Principle:Bigscience workshop Petals Block Loading And Serving
| Knowledge Sources | |
|---|---|
| Domains | Distributed_Computing, Model_Serving, Infrastructure |
| Last Updated | 2026-02-09 14:00 GMT |
Overview
The process of loading transformer block weights from HuggingFace, applying quantization, wrapping them in execution backends, and serving them to clients via P2P RPC handlers with shared KV cache management.
Description
Block Loading and Serving is the core server-side mechanism that makes distributed inference possible. It involves:
Weight loading:
- Downloads model shards from HuggingFace (safetensors or PyTorch format)
- Uses a disk cache with LRU eviction to avoid redundant downloads
- Loads only the weights for the assigned block indices
Block preparation:
- Instantiates the correct transformer block class (Bloom, Llama, Falcon, Mixtral)
- Applies quantization (INT8 or NF4 via bitsandbytes)
- Optionally wraps for tensor parallelism across multiple GPUs
- Wraps in TransformerBackend which manages inference/forward/backward execution
- Optionally pre-loads LoRA adapters
Request handling:
- TransformerConnectionHandler handles P2P RPC endpoints: rpc_inference (streaming), rpc_forward, rpc_backward
- MemoryCache manages shared KV cache memory with async allocation and timeout
- PrioritizedTaskPool schedules concurrent requests from multiple clients
- ModuleAnnouncerThread periodically declares ONLINE state in DHT
Usage
This principle is applied automatically within ModuleContainer.create() during server startup.
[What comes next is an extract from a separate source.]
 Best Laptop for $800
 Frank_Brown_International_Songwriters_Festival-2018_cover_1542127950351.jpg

Server operators control it via CLI flags for quantization, tensor parallelism, and adapter pre-loading.
Theoretical Basis
Server-side block execution pipeline:
# Abstract block serving architecture
for block_idx in assigned_blocks:
weights = load_pretrained_block(model_name, block_idx, cache_dir)
block = quantize(weights, quant_type)
backend = TransformerBackend(block, memory_cache, max_batch_size)
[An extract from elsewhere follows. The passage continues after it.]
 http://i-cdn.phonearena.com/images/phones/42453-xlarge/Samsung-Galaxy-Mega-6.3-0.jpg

handler = TransformerConnectionHandler(backends, memory_cache)
# handler.rpc_inference: streaming KV-cached autoregressive
# handler.rpc_forward: single forward pass (training)
# handler.rpc_backward: gradient computation (training)
runtime = Runtime(handler)
runtime.start() # Process requests from task pools
Memory cache management:
- Cache is a shared tensor pool with async allocation
- Clients request cache slots for their inference sessions
- Allocation uses a priority queue with timeout
- Cache is freed when sessions end or timeout